Blakeney graduated with a Bachelor of Commerce from Victoria University and by age 30 was given an overseas appointment as P&O's financial controller. It was an invaluable business opportunity, but Blakeney became increasingly disillusioned by the corporate world, and dropped out in 1973.
He found himself acting as the unit caterer, a role which brought him into the orbit of filmmakers like Roger Donaldson and Geoff Murphy, who soon discovered that Blakeney knew a thing or two about financing.
The filmmakers in turn, recommended Blakeney to Jim Booth, who was looking for someone to help facilitate the establishment of the NZ Film Commission. When the Interim Commission became a full fledged body in 1979, Blakeney was asked to become its first Executive Director.
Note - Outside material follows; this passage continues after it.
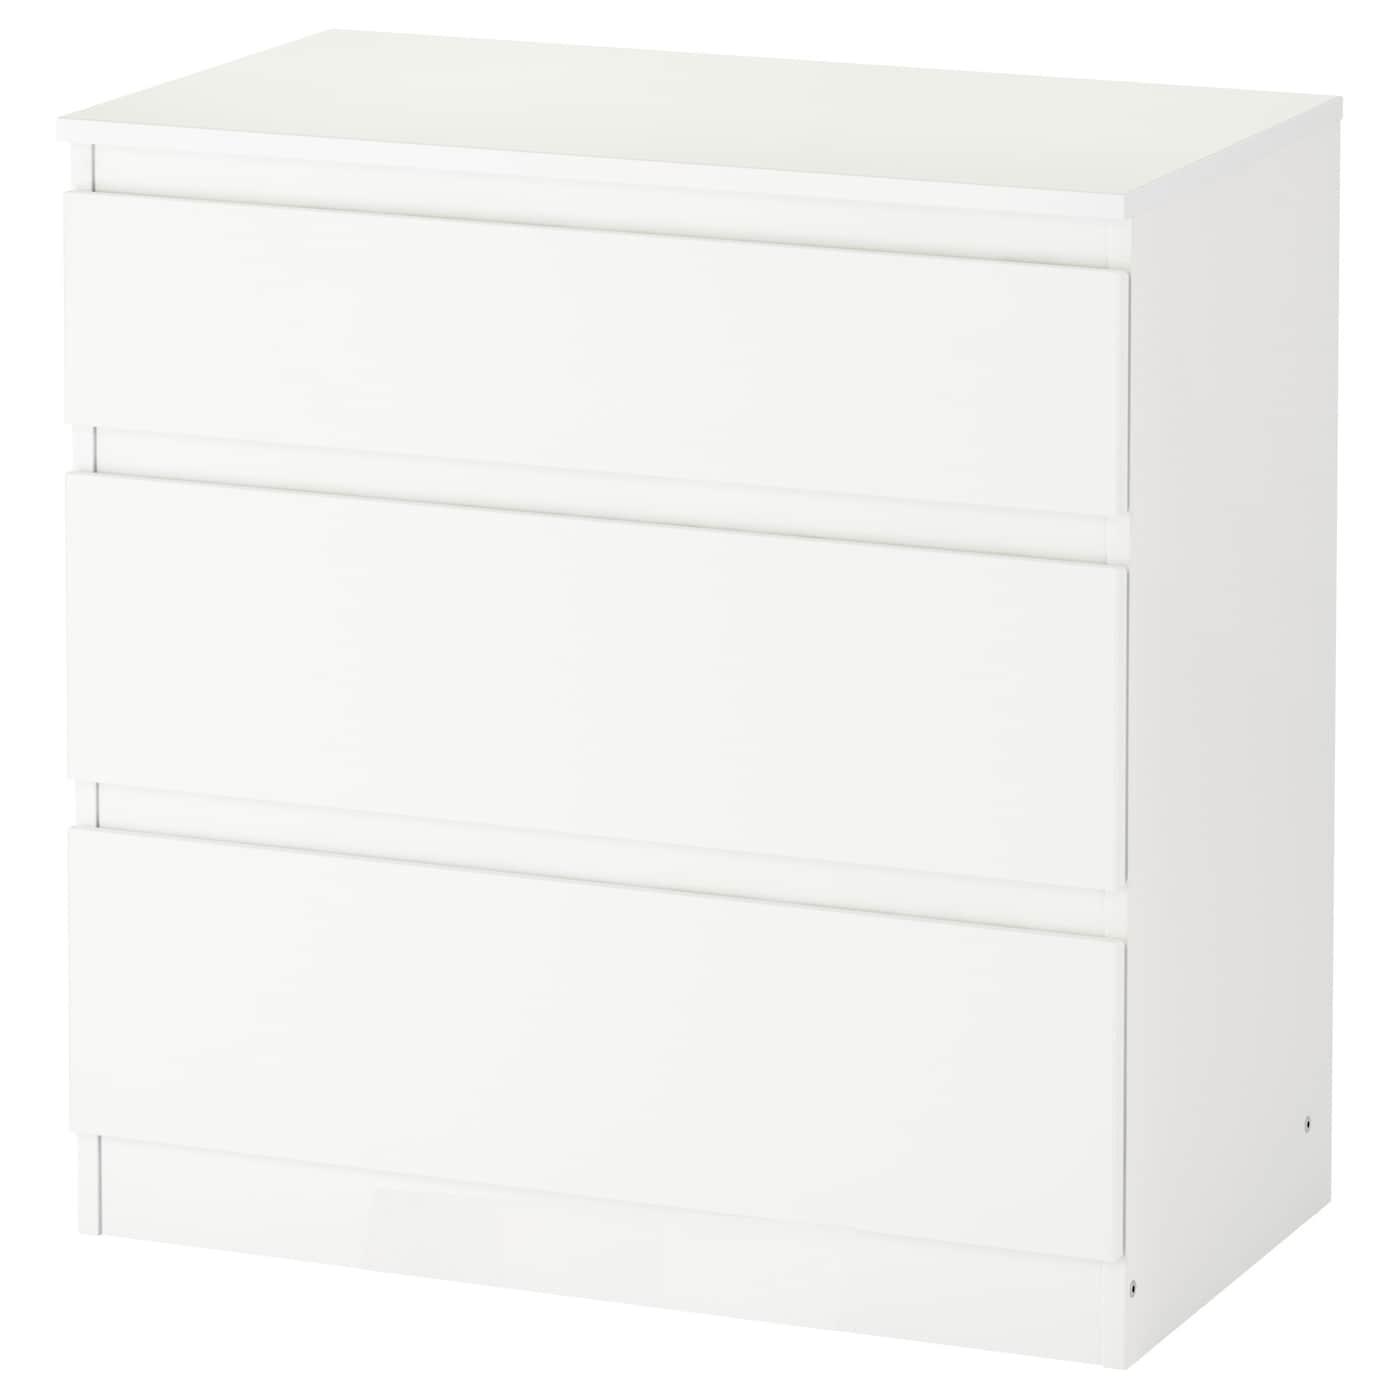 IKEA - KULLEN Ladekast 3 lades - 70x72 cm - Wit

Producer Kerry Robins remembers Blakeney's time at the NZFC: "What impressed me the most about him was his open door policy to ALL Kiwi filmmakers, his enthusiasm for their projects and the sound financial advice and NZFC support he would offer where ever he could. [...] he saw the NZFC were there to serve the filmmakers [...] if you needed photocopying done, the NZFC photocopier was freely available and as a result film makers were in and out of the offices all the time ..."
He pioneered the use of tax shelter mechanisms in the financing of Paul Maunder's Sons For The Return Home (1979), and Murphy's Goodbye Pork Pie (1981), helping raise private equity to get these films made.
Although Utu was achieved solid critical attention, sales were elusive. Blakeney chose to recut the picture, a decision that resulted in a turnaround in sales.
Unfortunately the Inland Revenue Department had decided to open the books on dozens of film productions (including Utu), alleging financing irregularities amounting to tax evasion.
Blakeney was one of only two producers who chose to fight the IRD Commissioner's assessment, rather than settle. After 20 years, and a legal battle which went all the way to the Privy Council, the production was cleared.
The battle took its toll on Blakeney and his public career as a producer, although privately, his advice was sought, and he worked behind the scenes on various productions.
Today, Blakeney lives with his family in a small East Coast community. Although justifiably proud of his contributions to NZ film in the past, he is content to stay out of the arena now, though he has been a judge in local heats of the 48 Hour Film Festival.